Now so far I've got the script working except for one issue. Lets say I have the IP address 10.128.45.5 in two log files, the script of course analyzes each log file in turn stripping and reducing the IP's to one PER log file but what I'm trying to do is narrow that down even more to one per instance I run this script, regardless if the same IP appears across multiple log files.
Here's the code I've gotten so far, sorry if it's a bit messy.
#!/usr/bin/perl
# Extract IP's from apache access logs for the last hour and matches with forum spam bot list.

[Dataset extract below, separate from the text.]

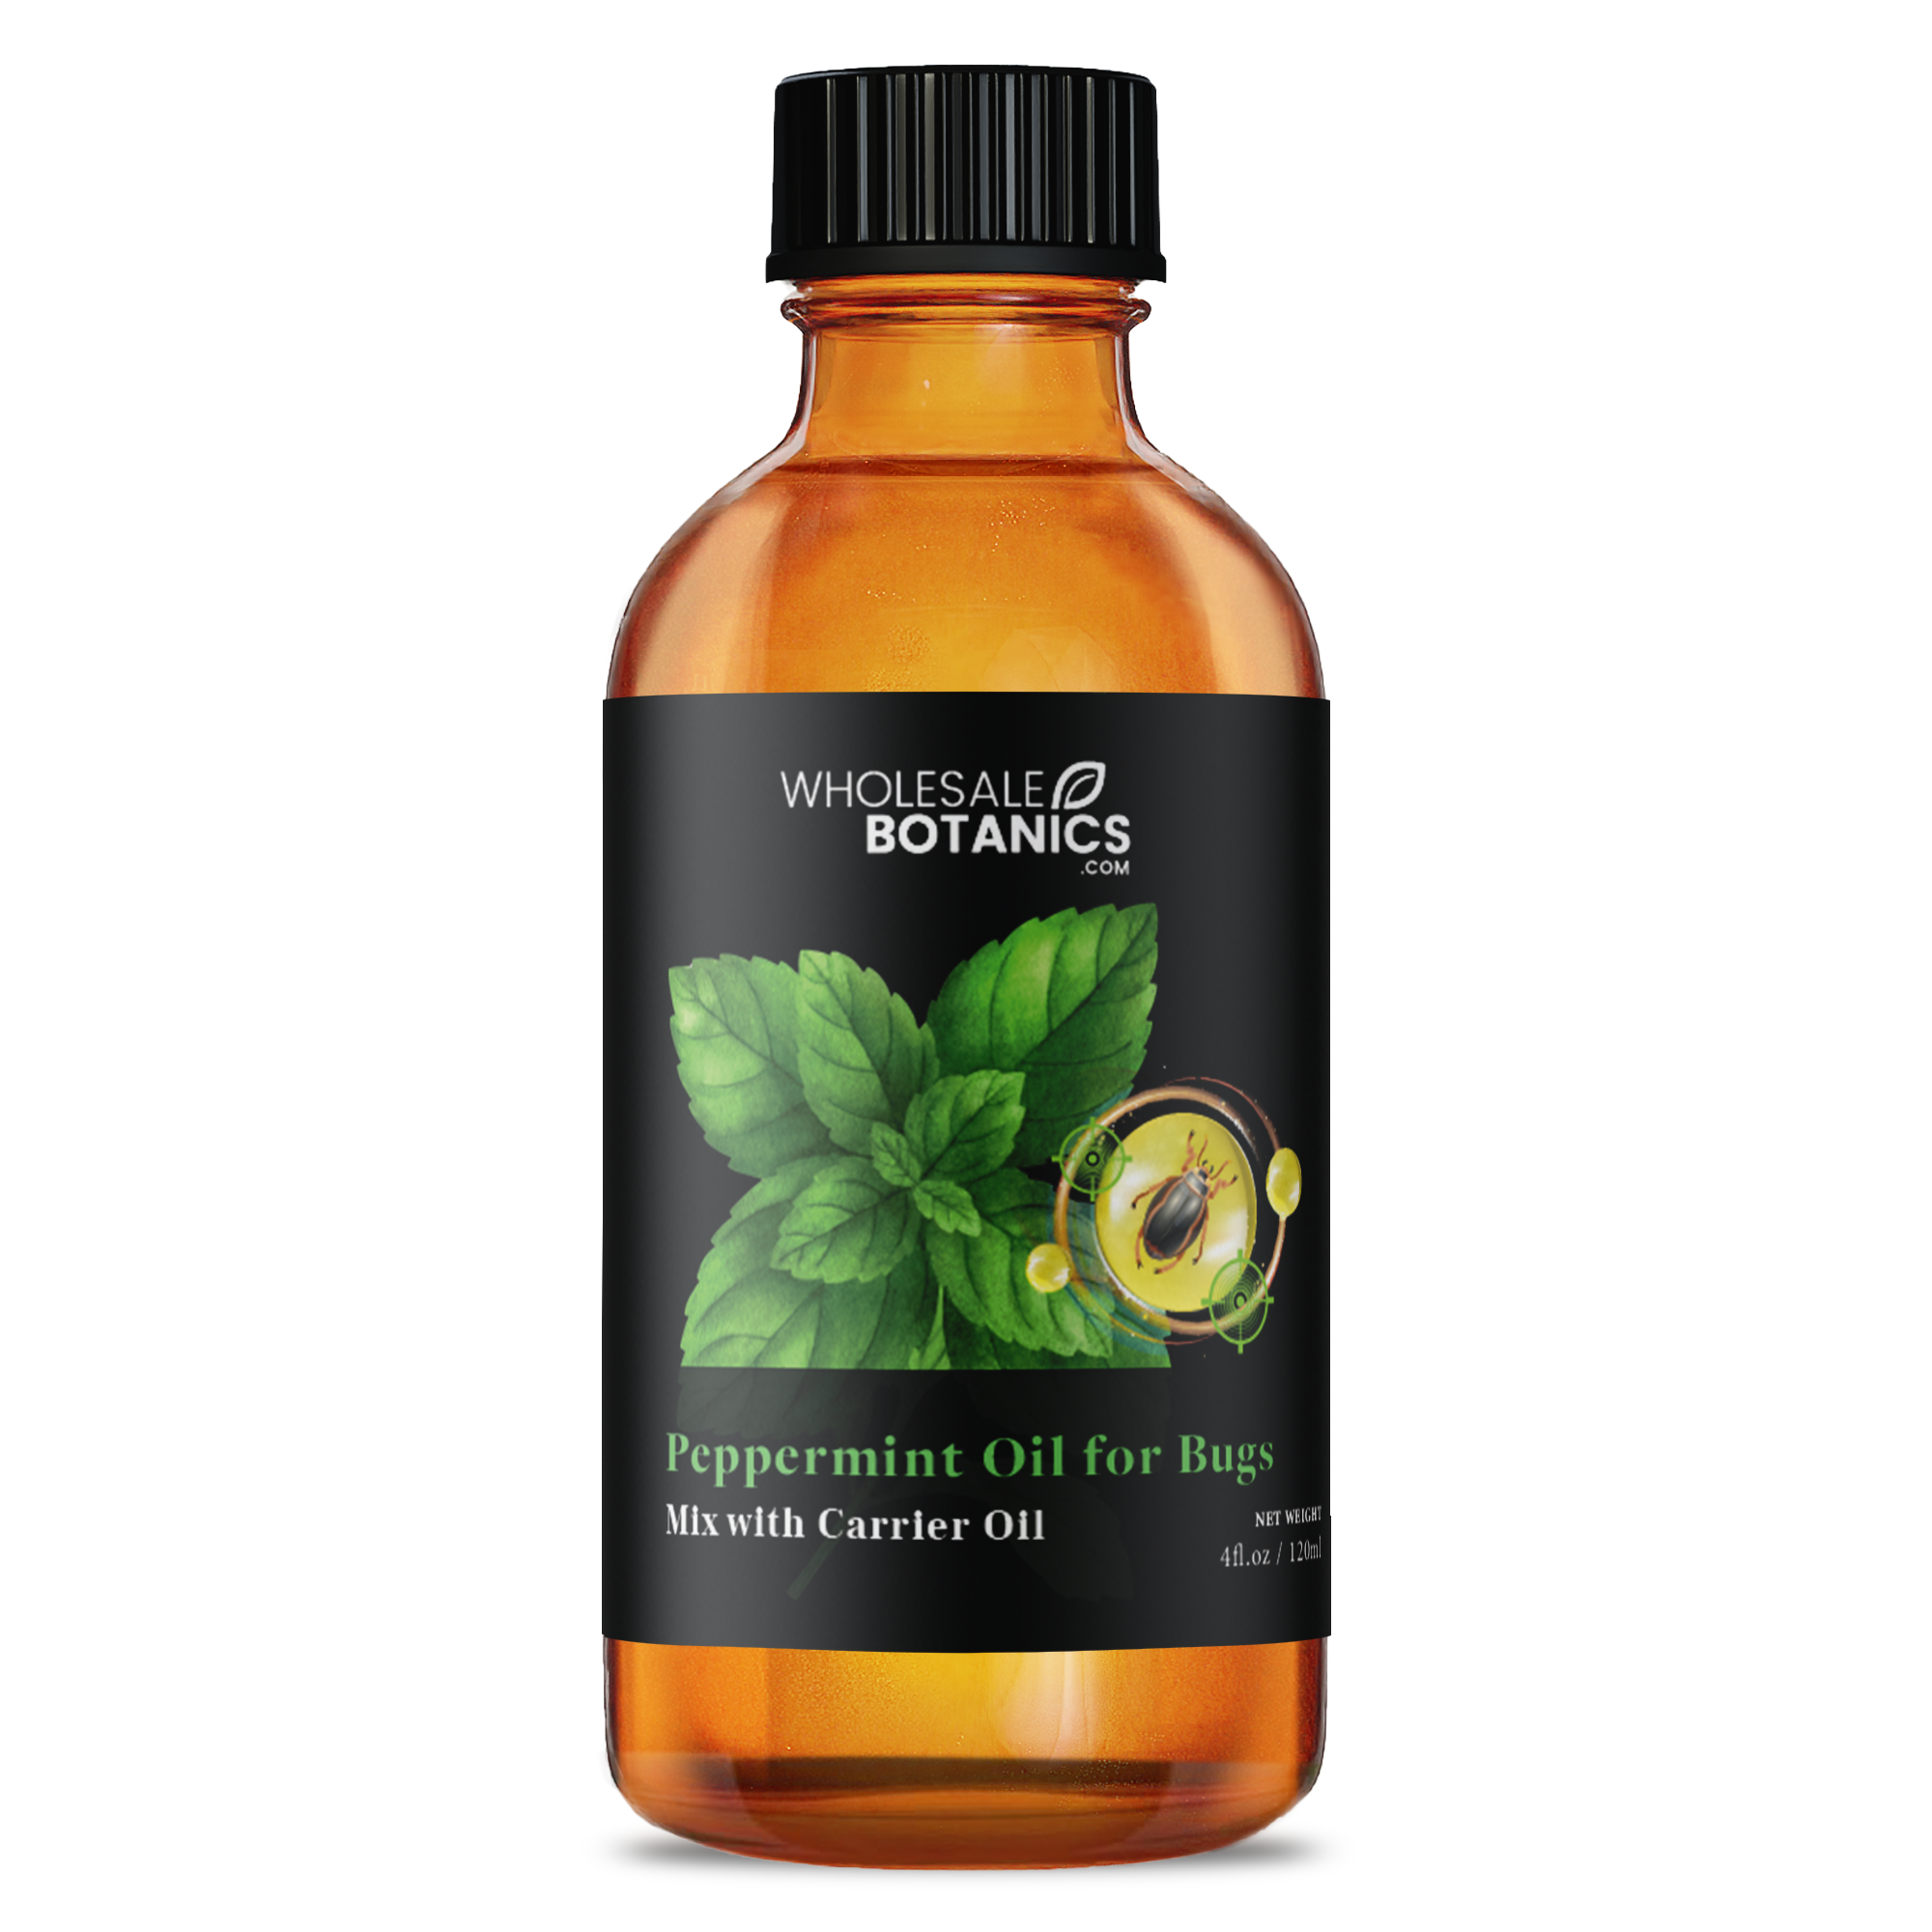 Peppermint Oil for Bugs

# The fun work of Daniel Pearson
use strict;
use warnings;
use Socket;
# Declarations
my ($file,$list,#files,%ips,$match,$path,$sort);
my $timestamp = localtime(time);
# Check to see if matching file exists
$list ='list';
if (-e $list) {
Delete the file so we can download a new one if it exists
print "File Exists!";
print "Deleting File $list\n";
unlink($list);
}
sleep(5);
system ("wget http://www.domain.com/list");
sleep(5);
my $dir = $ARGV[0] or die "Need to specify the log file directory\n";
opendir(DIR, "$dir");
#files = grep(/\.*$/,readdir(DIR));
closedir(DIR);
foreach my $file(#files) {
my $sum = 0;
if (-d $file) {
print "Skipping Directory $file\n";
}
else {
$path = "$dir$file";
open my $path, "-|", "/usr/bin/tail", "-1000", "$path" or die "could not start tail on $path: $!";
my %ips;
while (my $line = <$path>) {
chomp $line;
if ($line =~ m/(?!0+\.0+\.0+\.0+$)(([01]?\d\d?|2[0-4]\d|25[0-5])\.([01]?\d\d?|2[0-4]\d|25[0-5])\.([01]?\d\d?|2[0-4]\d|25[0-5])\.([01]?\d\d?|2[0-4]\d|25[0-5]))/g) {
my $ip = $1;
$ips{$ip} = $ip;
}
}
}
foreach my $key (sort keys %ips) {
open ("files","$list");
while (my $sort = <files>) {
chomp $sort;
if ($key =~ $sort) {
open my $fh, '>>', 'banned.out';
print "Match Found we need to block it $key\n";
print $fh "$key:$timestamp\n";
close $fh;
}
}
}
}
Any advice that could be given I would be grateful for.
To achieve the task:
Move my %ips outside of (above) the foreach my $file (#files) loop.
Move foreach my $key ( sort keys %ips ) outside of (below) the foreach my $file (#files) loop.